#ubuntu-ph 2011-07-01
<drewaf> guys do you know how to troubleshoot my splashscreen? it doesn't show up
#ubuntu-ph 2011-07-02
<maverick_> hello
#ubuntu-ph 2012-06-30
<LightningBaron1> hello
#ubuntu-ph 2012-07-01
<strong> ahemz
<Terminus_> heya strong. =)
<strong> yow..
<strong> howdy? :)
<Terminus_> strong: can't sleep but at the same time, i want to be at the office early tomorrow. i have a new toy. dell r410 with an x5675 xeon and 32GB RAM. 4x 1TB SAS nearline. =D
<Terminus_> how about you?
<strong> wow.. nice toy!!! :)
<strong> nah..  kinda stagnant :( hehe
<Terminus_> yep. 6 cores at 3GHz. =D
<Terminus_> awww...
<strong> hehe..
<Terminus_> the specs actually seem overkill already but i sometimes wonder, what if i went with dual x5675, 128GB RAM, and 8x 15k SAS? =D
<strong> hahaha
<Terminus_> whoops. bathroom break.
<strong> then.. you can virtualize then :)
<Terminus_> haha. this IS alrady meant for VMs. =D
<strong> nice.. :)
<strong> do you RHEV?
<Terminus_> strong: nah... vmware esxi.
<strong> ahh
<strong> alright.. vmware..
<strong> i do maintain vmware infra.. :)
<strong> about.. 6 vcenters (2 each region --- 1 vCenter per DC/region)
<strong> about.. thousands of VM's... mixed.
<Terminus_> esxi was the nicest when i was evaluating around 3 years ago so i just stuck with it.
<strong> we currently use 4.1
<strong> but.. looks like.. we will be upgrading soon.. depends on the budget :)
<Terminus_> i'm on 4.1 as well but i'm gonna install 5 on the r410. if it doesn't work out, i can always go back to 4.1. XD
<strong> ahh..
<strong> yeah.. you need to check compats.
<strong> it worked well on HP blades.. hehe
<Terminus_> i'm pretty sure it's compatible. i meant the whole vram thingy. i doubt we'll run into those limits though.
<strong> i see.. :)
<strong> cool!
<Terminus_> while reading the manual, i found out there are internal ports for usb. sweet. i placed a usb drive there for vmware so that all the HDDs go to the datastore. =)
<strong> hehe..
<Terminus_> also, the RAID card has 512MB NVRAM with battery backup. i was surprised. didn't think they still put a battery considering it's NVRAM. =D
<strong> careful on those accessories.. they're a potential issue specially if you.... vmotion.
<Terminus_> strong: what kind of caching issues are there? i'm not using vmotion though. we're cheapskates. XD
<strong> hmm.. not really a caching issue.. but.. you need to have a standards across nodes.

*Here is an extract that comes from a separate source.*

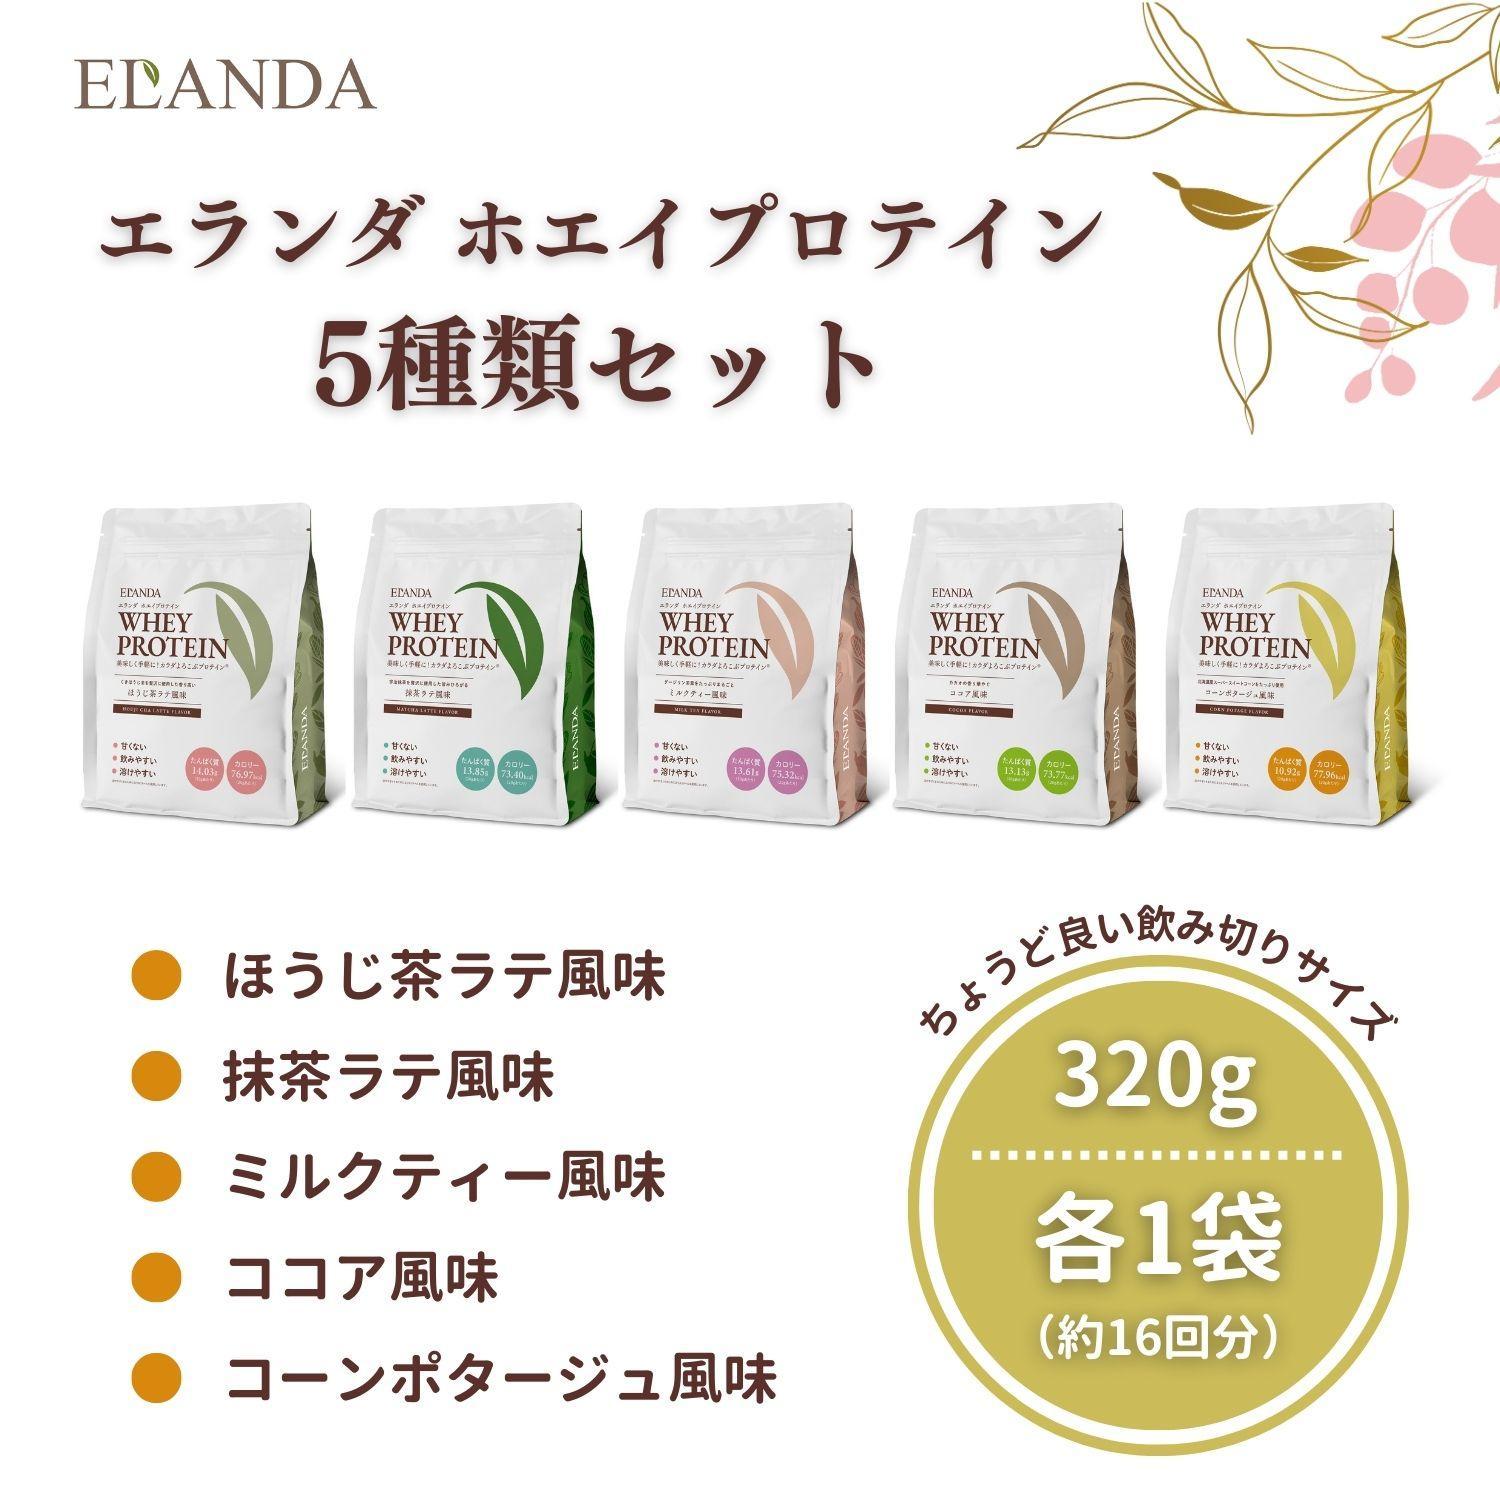 ELANDA【エランダ ホエイプロテイン】5種類セット 320g×各1袋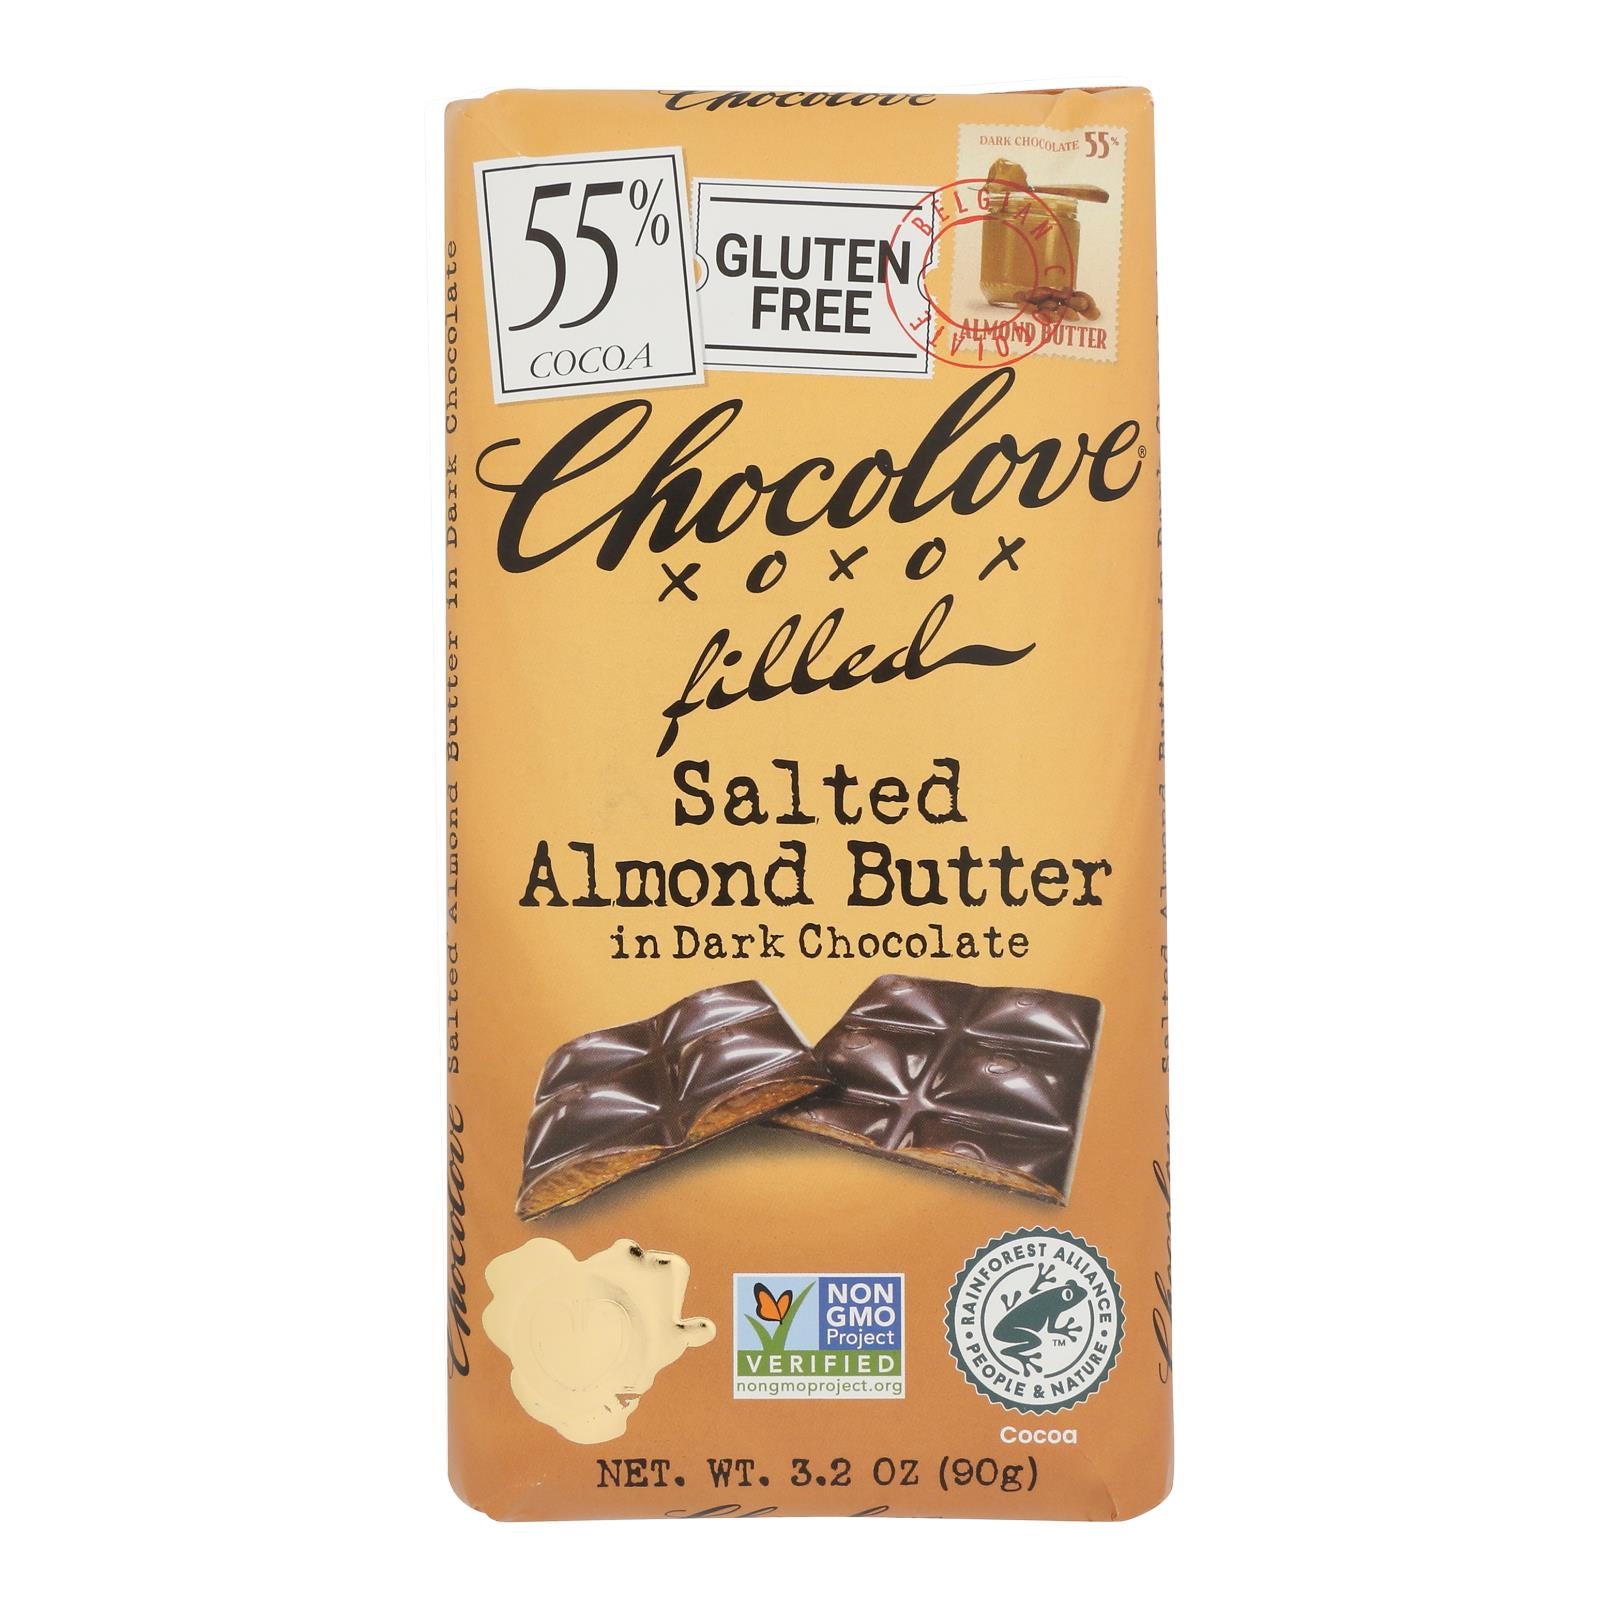 Chocolove Xoxox - Dark Chocolate Bar - Salted Almond Butter - Case of 10 - 3.2 oz

<strong> specially if it's clustered.
<Terminus_> strong: you're talking about the RAID card right?
<strong> nope.. i'm talking about vmotion :) hehehe
<strong> clustered nodes..
<Terminus_> strong: but you were talking about it in the context of accessories. what kind of accessories? =P
<strong> ahhh.. accessories for VM's.
<strong> attaching accessories.. :)
<Terminus_> strong: you mean the usb drive? it's for booting esxi. not an accessory. =)
<strong> hmm.. but when you create VM's inside your esx..
<strong> you have options to attach accessories.. e.g. cdrom...
<Terminus_> strong: yeah, but it's not gonna offer it's own boot drive as an option.
<strong> yeps..
<Terminus_> i just realized i'll have to move opennms to it's own physical box now. =|
<strong> but.. just ensure that those accessories are also present on other nodes.. if you do clustering.
<Terminus_> we don't attach accessories. CPU, RAM, network, HDD. that's it.
<strong> ahhh nice :)
<Terminus_> except for opennms. gotta move it to it's own box since it uses a GSM modem. =D
<strong> ahh..
<strong> hehe.
<Terminus_> 300 pesos a month for out of band alarms. XD
<strong> ow..
<strong> nice..
<strong> unlimited?
<Terminus_> i don't get to see the bill. i just requested for the cheapest globe plan since it rarely sends a text message anyway. could actually be lower than 300. hehe
<strong> ahhh
<strong> that's good.... hehe.. meaning, alarms are rare... hence stable infra :)
<Terminus_> yep. =)
<strong> ;)
<Terminus_> if we actually consume 300 pesos in a month for alerts, that's a bad month. haha
<strong> yes..
<strong> Terminus, tulog na muna ako :)
#ubuntu-ph 2014-06-25
<atmark> Nyor_Ja: hey
#ubuntu-ph 2015-06-28
<Jepong> yo Knightlust!